HOW TO COMPLETE THIS TASK:
From the line containing "Music Score and" to the last line of the listing, transcribe exactly and add nothing else; keep both ends and omit pictures.

DATA EXCERPT:
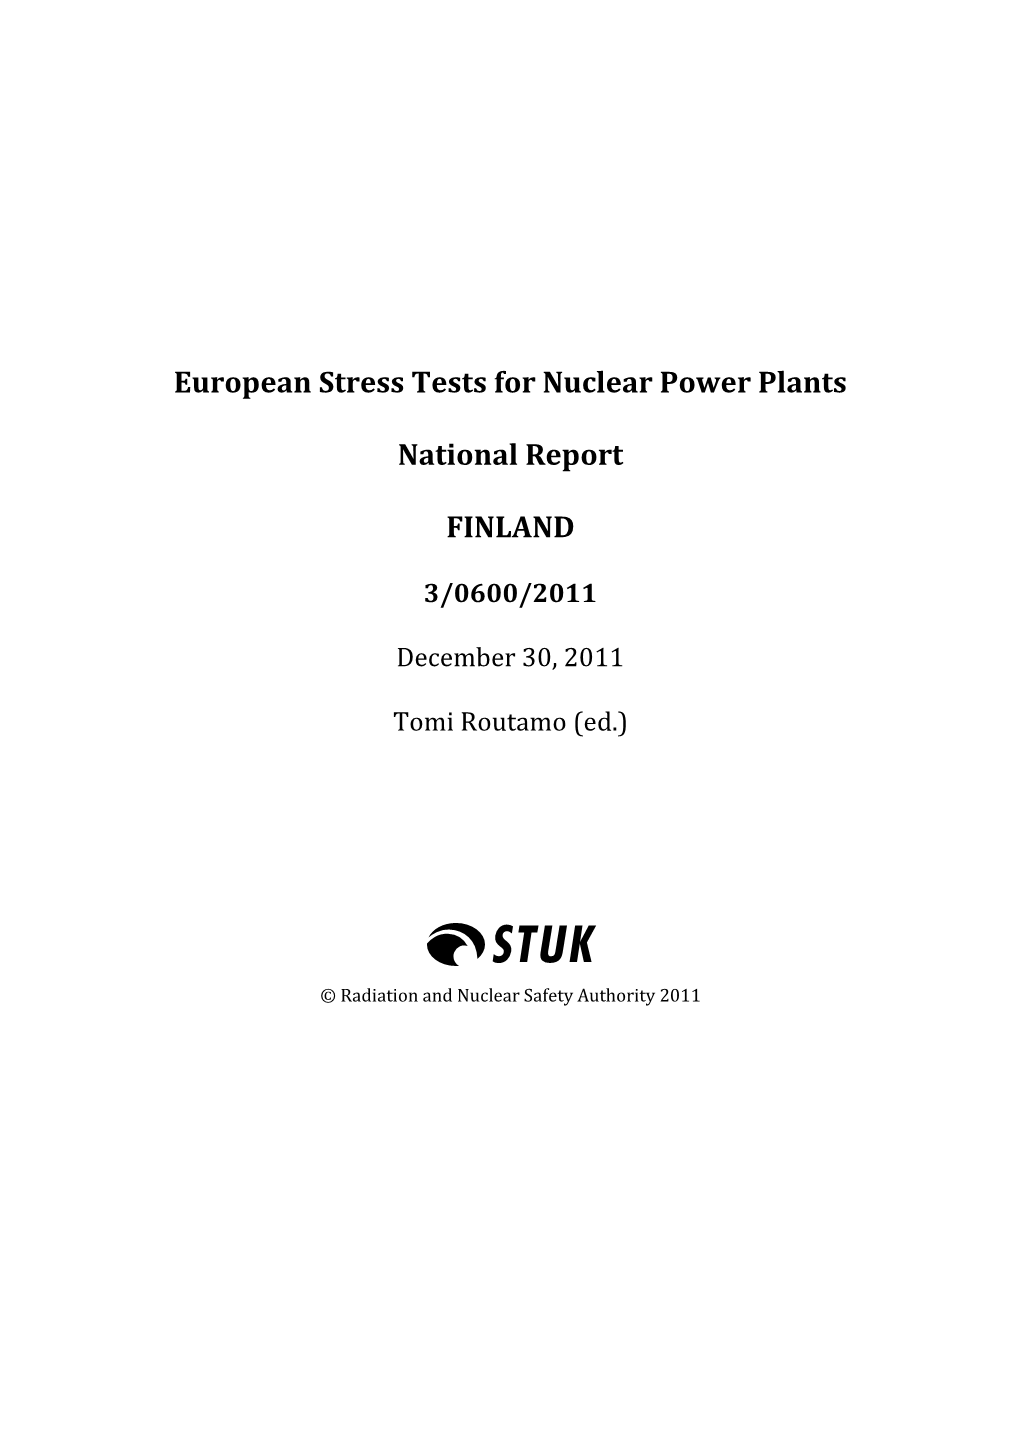 European Stress Tests for Nuclear Power Plants National Report
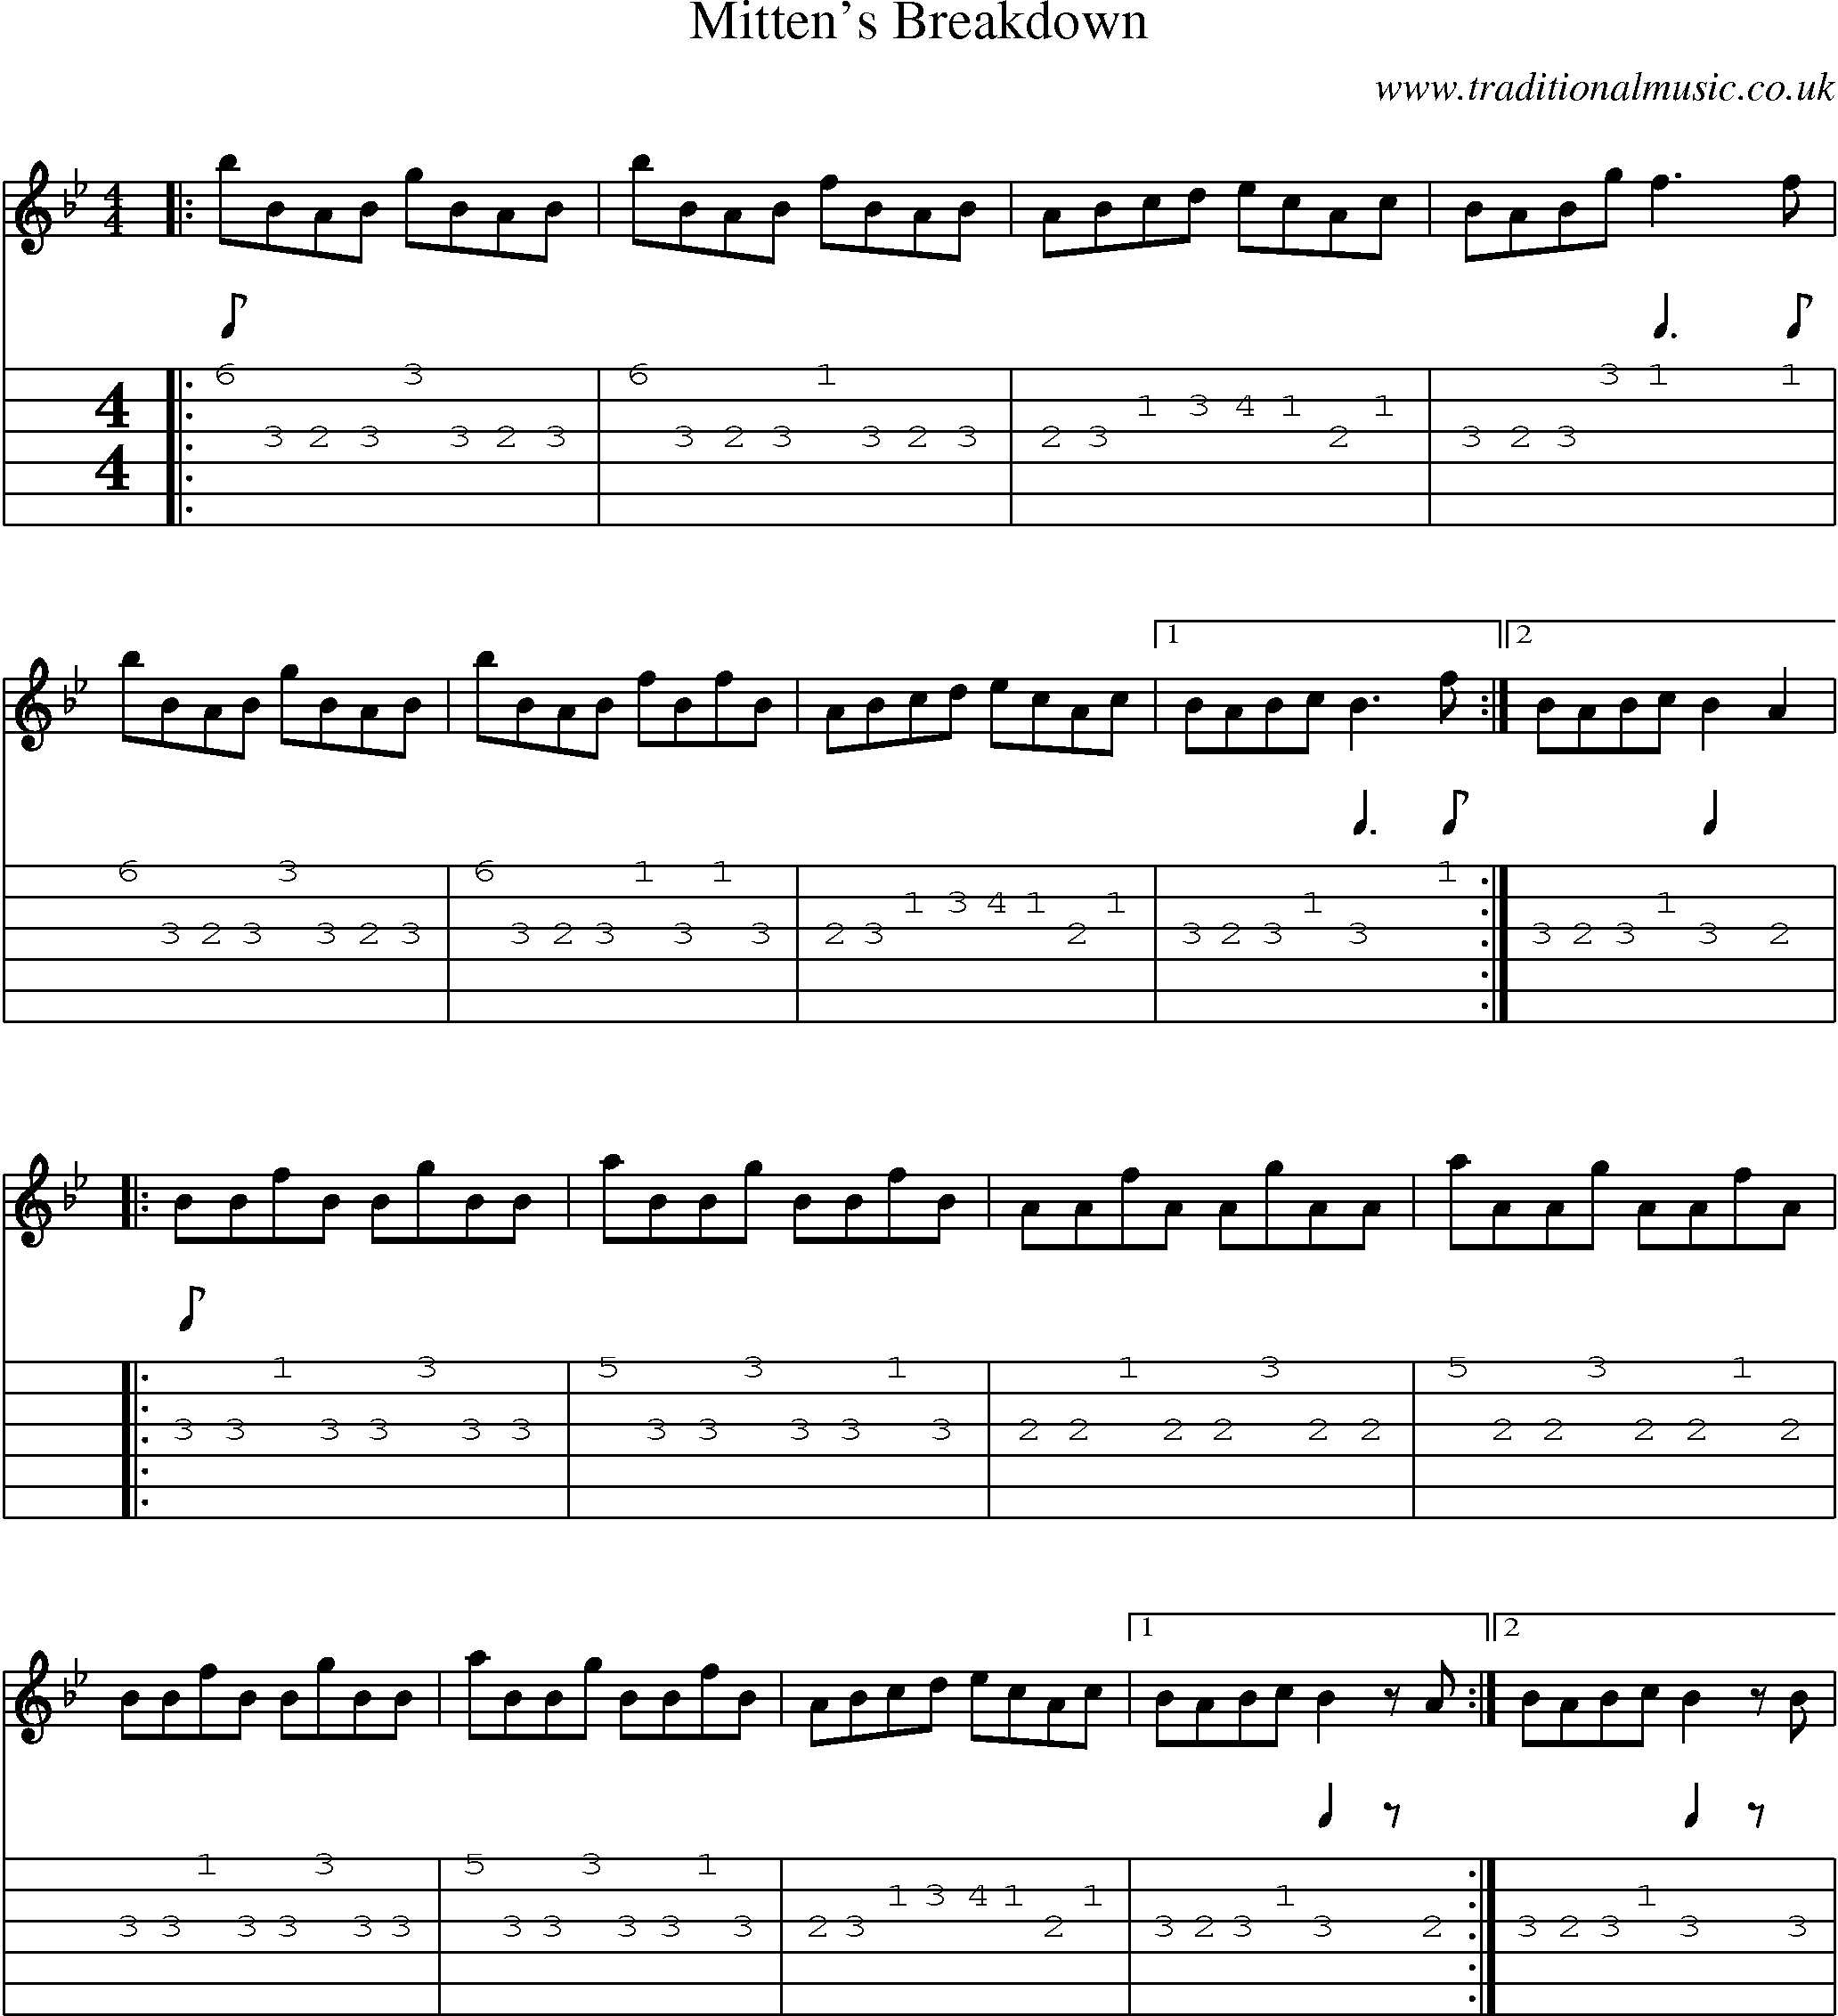 Music Score and Guitar Tabs for Mittens Breakdown
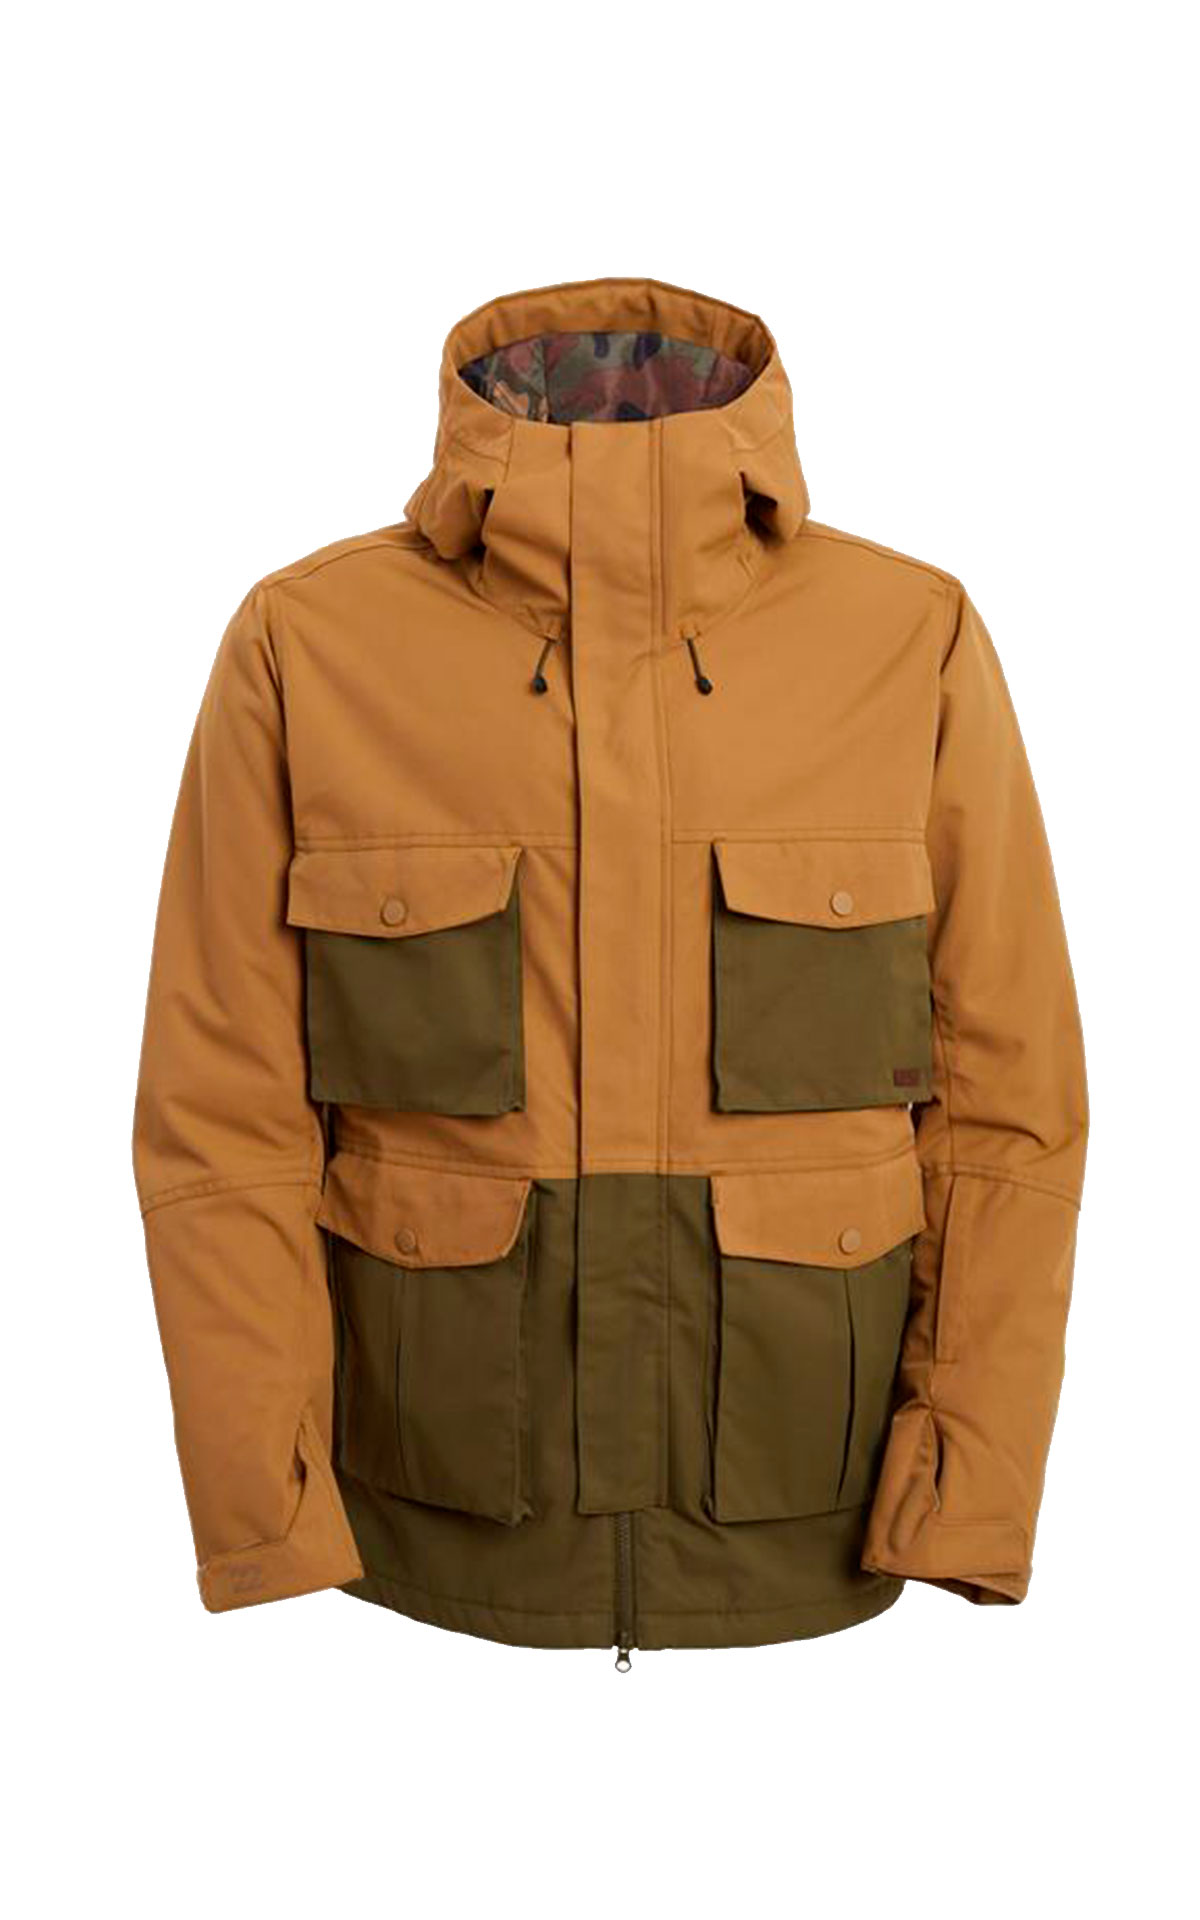 Camel anorak with pockets Boardriders

EXERCISE ANSWER:
 Music Score and Guitar Tabs for Mittens Breakdown
 Camel anorak with pockets Boardriders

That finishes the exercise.